Message non lu par raphael35 »

DMX a écrit :[
La première cause de disparition des abeilles autochtones, ce n'est pas la varroa, ni les pesticides ou les ondes wifi, mais l'apiculture moderne ... Le pire c'est qu'on a la technologie pour produire du miel de synthèse et donc avoir un impacte écologique bien plus faible, mais au contraire on s’horrifie de se produit ignoble qui pourrait préserver notre biodiversité

Un article synthétique bien fait je trouve sur le sujet.
http://www.notre-planete.info/actualite ... um=twitter

J'aimerais que tu aies raison DMX cela signifierait que les abeilles sauvages se portent bien car indépendantes des apiculteurs, ce n'est malheureusement pas le cas.

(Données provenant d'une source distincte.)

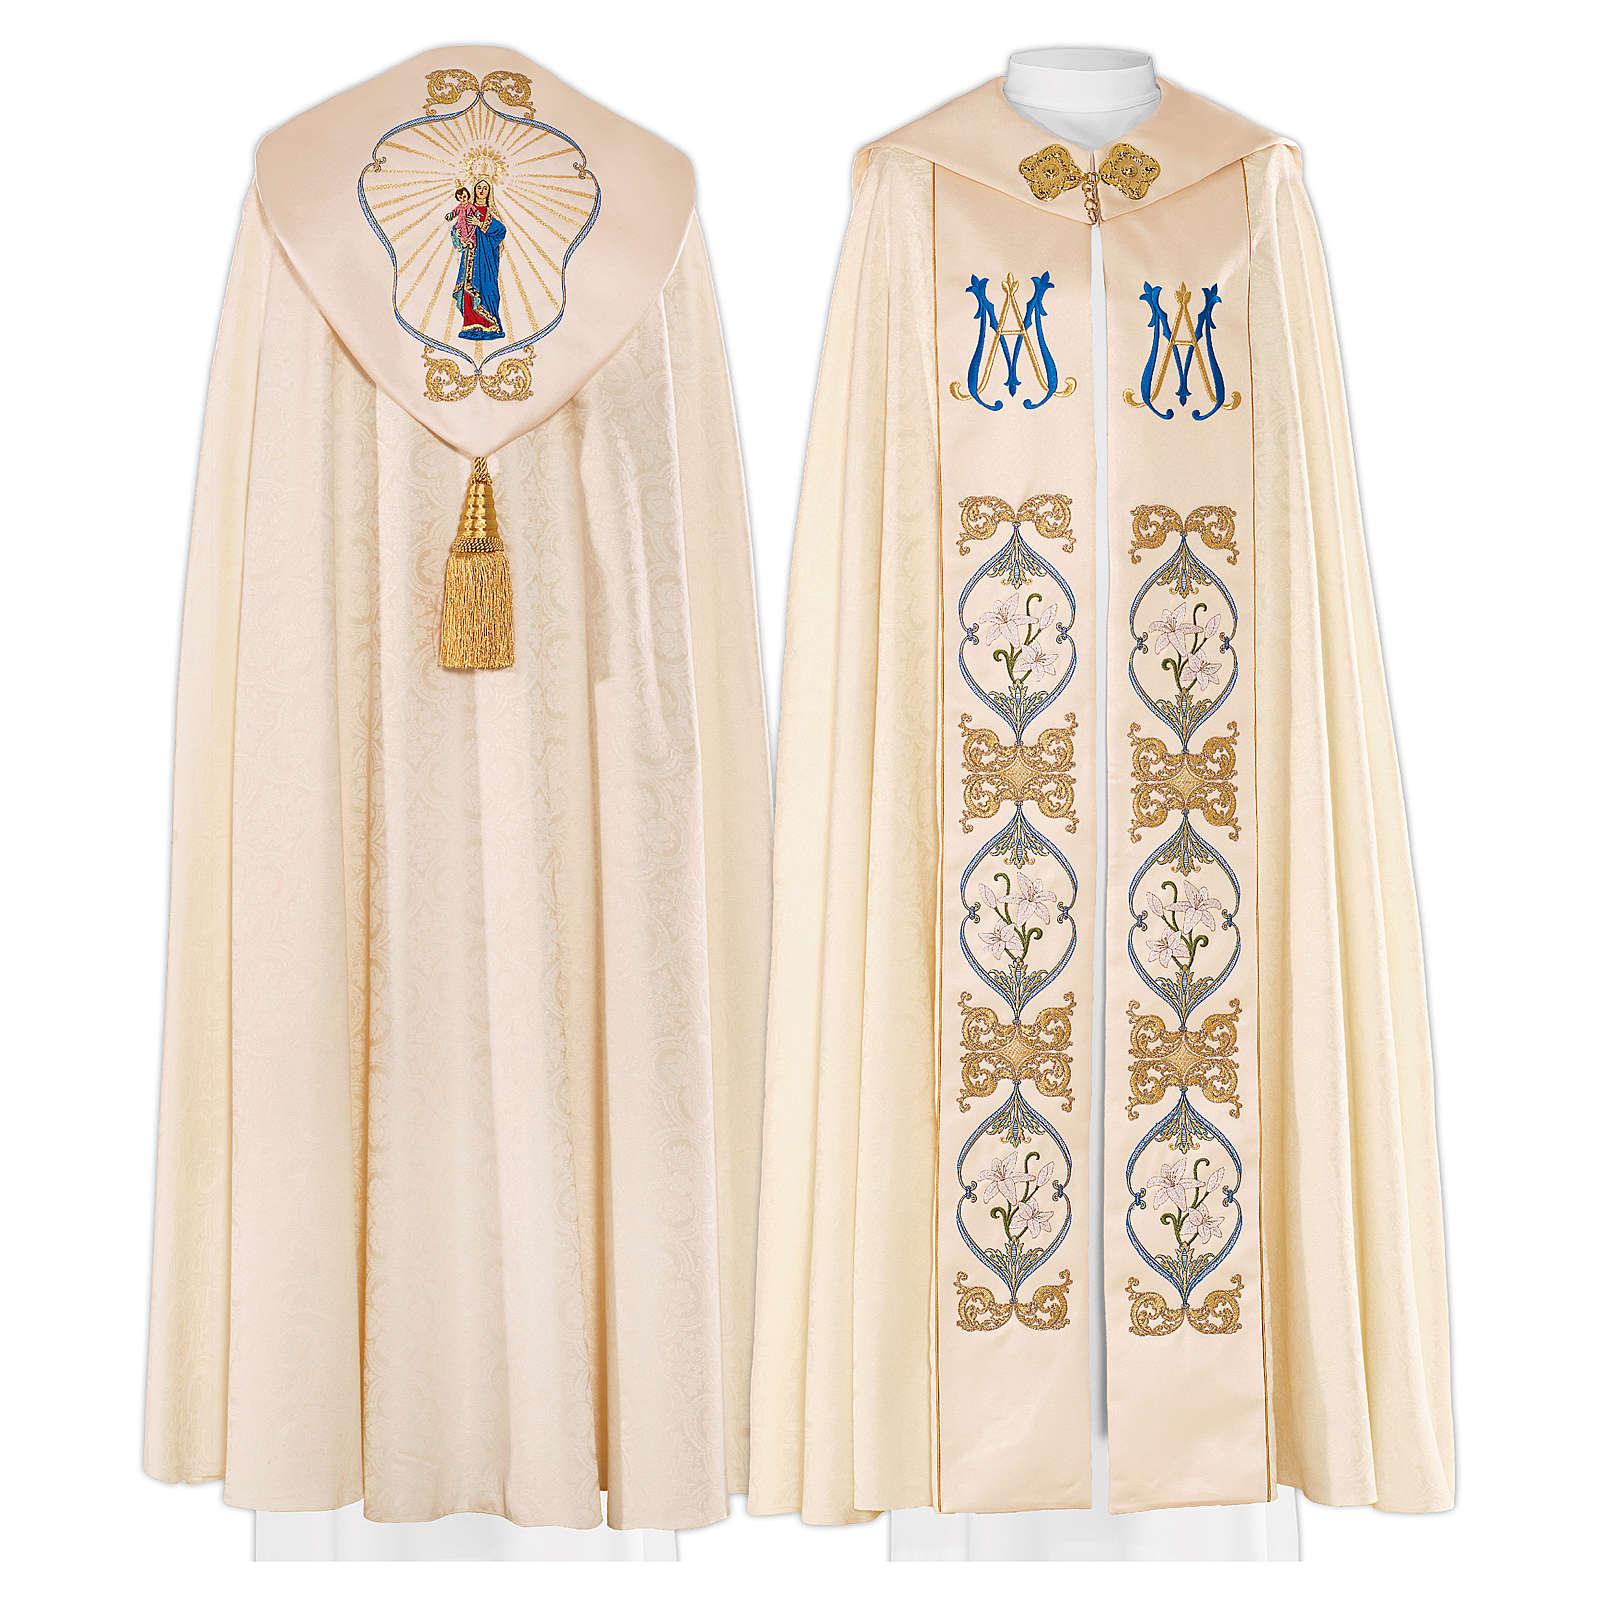 Piviale 80% poliestere bianco panna Madonna con bambino Gesù 4
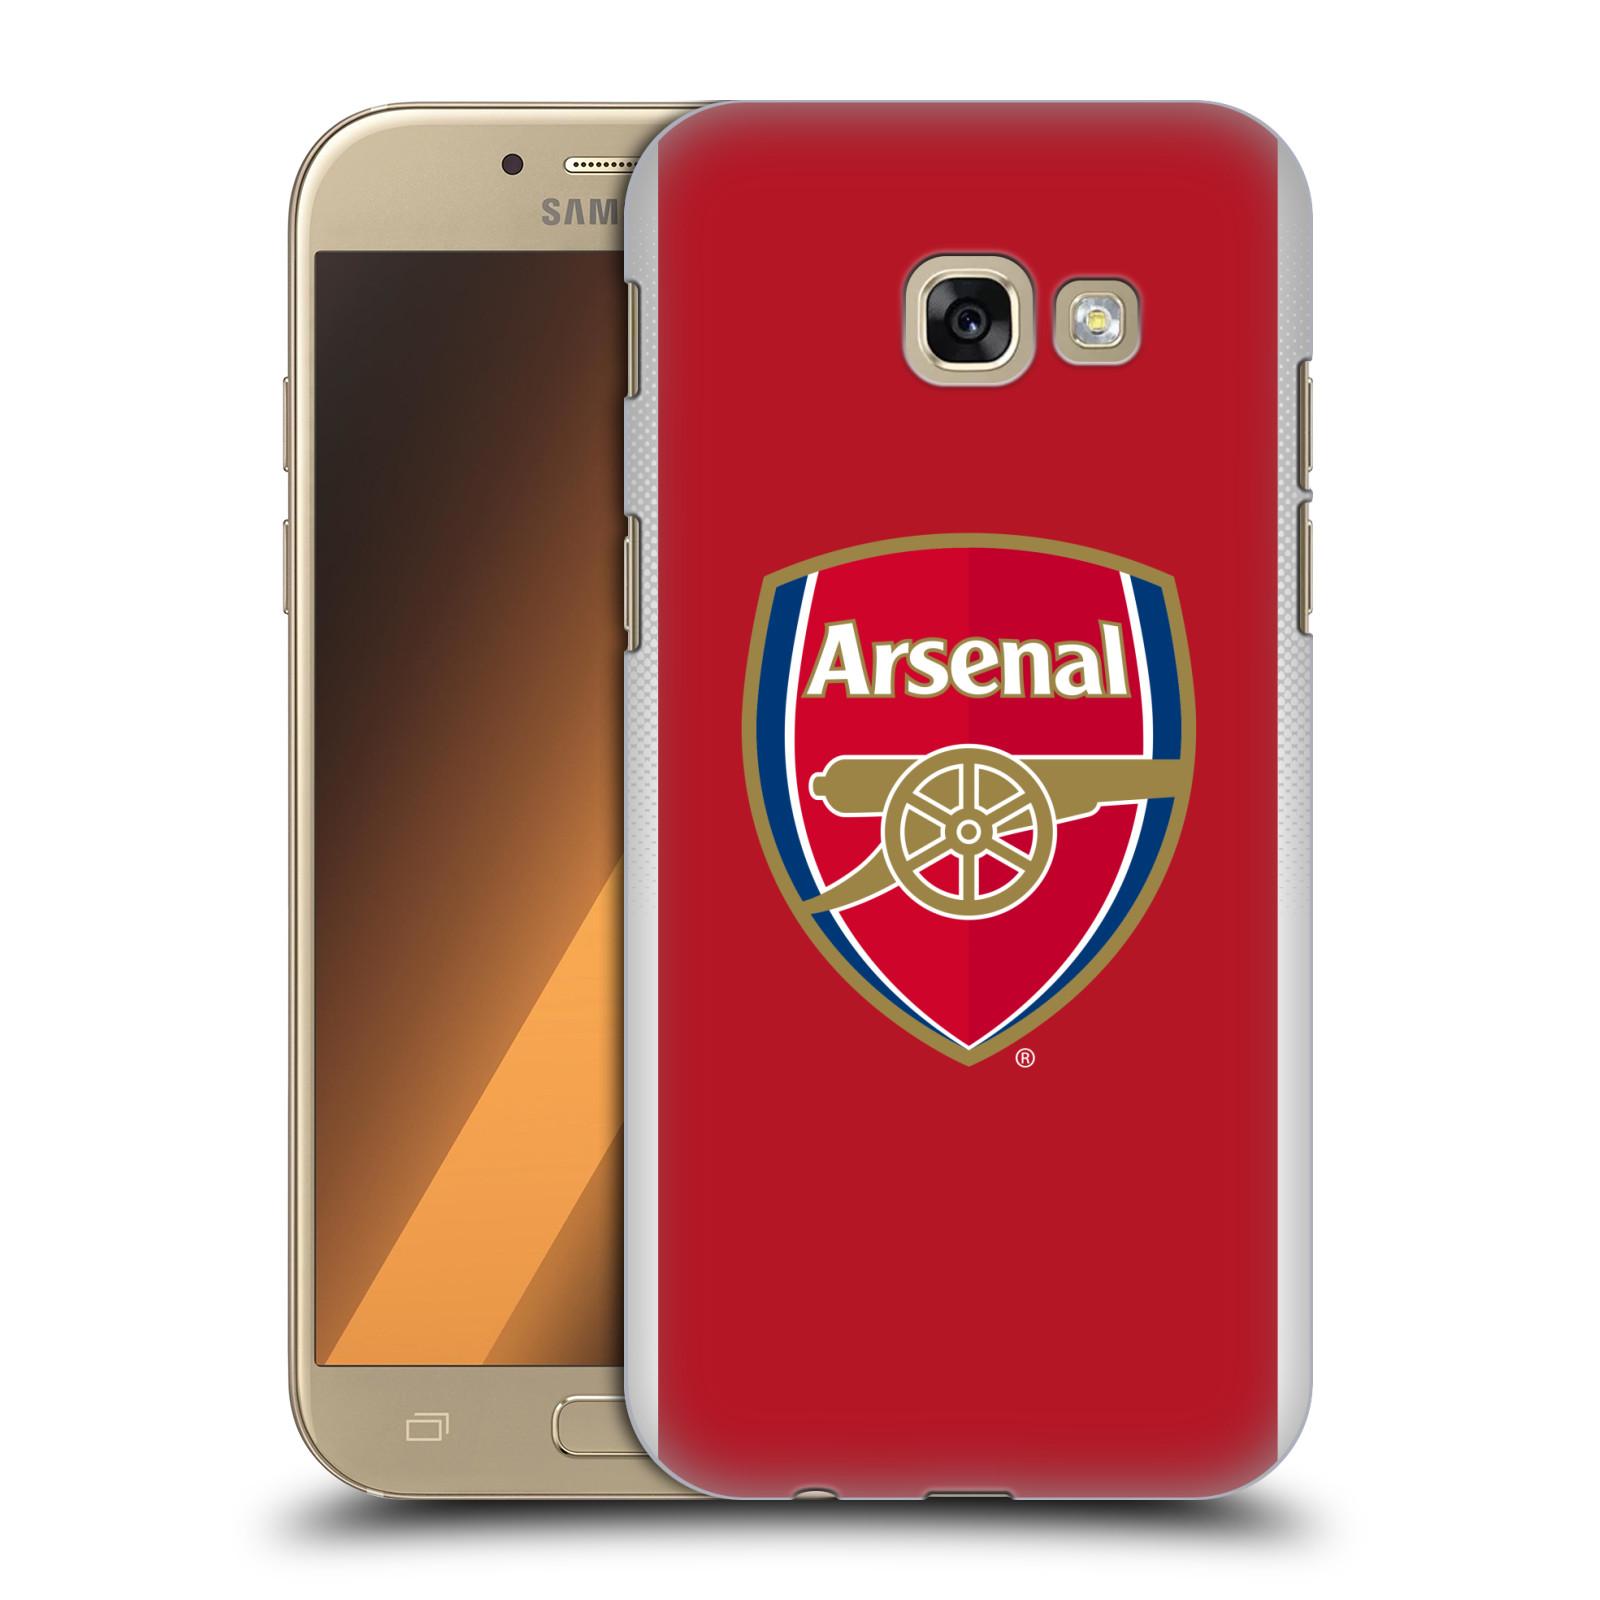 Plastové pouzdro na mobil Samsung Galaxy A5 (2017) - Head Case - Arsenal FC - Logo klubu

http://www.lemonde.fr/planete/article/2 ... _3244.html

Et en plus DMX si tu avais raison, tout devrait s'arranger car pour mémoire il y avait 2 millions de ruches en France en 1996 contre seulement 600 000 en 2014... Et -40% d'apiculteurs de 2004 à 2014. Donc de moins en moins d'abeilles domestiques présentes en France donc d'après tes dires les autres insectes devraient s'en sentir mieux puisque d'après toi moins de ruches c'est bon pour la biodiversité.

Source : http://draaf.poitou-charentes.agricultu ... 84919f.pdf
Dernière modification par raphael35 le sam. 6 sept. 2014 12:12, modifié 1 fois.